Back from the brink
We are living in exciting times for fisheries.
I know, I know. The jobs are not as easy to find; the boatyards are not as busy (or as plentiful); and the regulations can be daunting, to say the least.
But I believe what is happening now is a slow climb out of the nadir of U.S. fishery management. When the TAC for North Atlantic cod goes up, something is going right.
When fishermen can successfully fight for their fishing grounds against vast acres of ocean-based wind farms, someone important is not only listening but hearing.
When salmon return to the West Coast after a three-year dry spell and dams come down to ensure a future for the spawners, good things are happening for fishermen.
When I hear grumbles about the good-old days, I ask the grumblers to compare the way things are now to the way they were 10 years ago.
The fact is it's better out there in a lot of ways. One reason, I believe, is because the public perception of what commercial fishing is and what fishermen do is changing. The Coast Guard likes to talk about the cascade effect — one incident after another leading to a major event. Rarely can you look at a significant incident and point to one factor that changed everything.

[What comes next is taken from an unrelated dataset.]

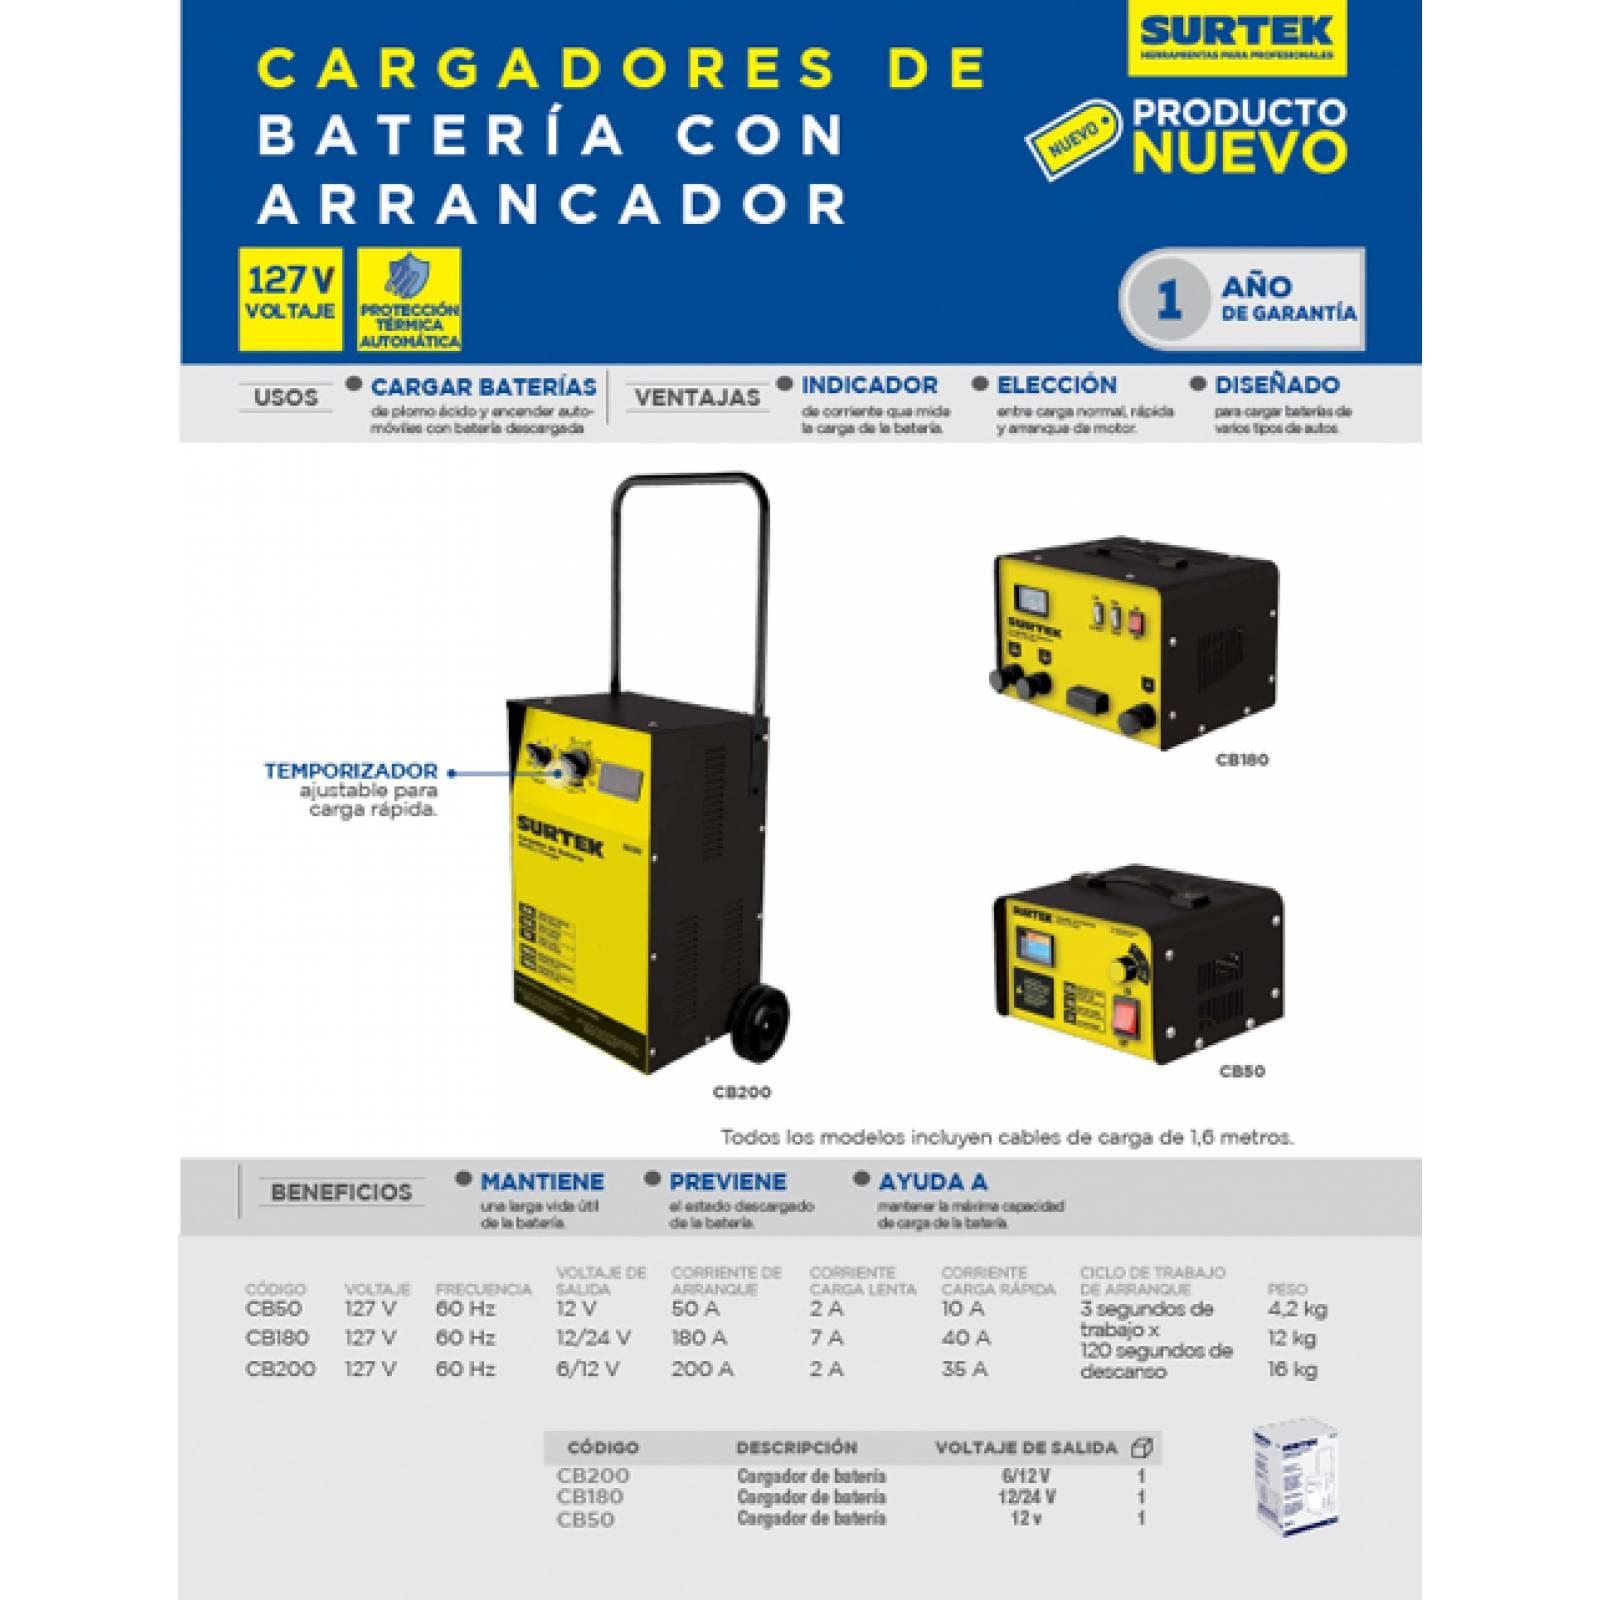 Cargador Batería Arrancador 180 A De 127V Frec 60 Hz Surtek

The same goes for this slow climb. We can look back on the factors at play (the popularity of "Deadliest Catch," local marketing campaigns, foodie nation sitting up and paying attention when chefs gathered on the Gulf Coast after the oil spill to hold hands with fishermen and encourage Americans to eat U.S. seafood), but really, no single event has caused this shift.
U.S. fishermen have put a lot of resources into non-fishing matters. You have become politicians, marketers, salesmen and experts in federal legal jargon. But more than anything, you got mad as hell and didn't want to take it anymore. Then you got organized.

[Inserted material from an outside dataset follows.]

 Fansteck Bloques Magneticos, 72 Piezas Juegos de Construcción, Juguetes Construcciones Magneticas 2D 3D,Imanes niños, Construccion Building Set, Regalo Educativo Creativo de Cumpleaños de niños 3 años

If you want to relish in the good fight, read our Washington Lookout column on page 11. David Frulla, Shaun Gehan and Andrew Minkiewicz lay out the way fishery management has changed since the enactment of the original Magnuson Act 35 years ago and explain beautifully why fishermen are fighting catch shares so vociferously.
And for a look to a bright future for U.S. fishing communities, Natalie Webster of the American Albacore Fishing Association writes our Dock Talk (page 10) promoting the National Seafood Marketing Coalition's push for federal funding for seafood marketing. As one letter to the editor states (page 13), the Alaska Seafood Marketing Institute has run wild with success. So why not expand that model on a national level?
Things are looking up, and I love to celebrate that. But let's not forget that the hill ahead of us is long and steep.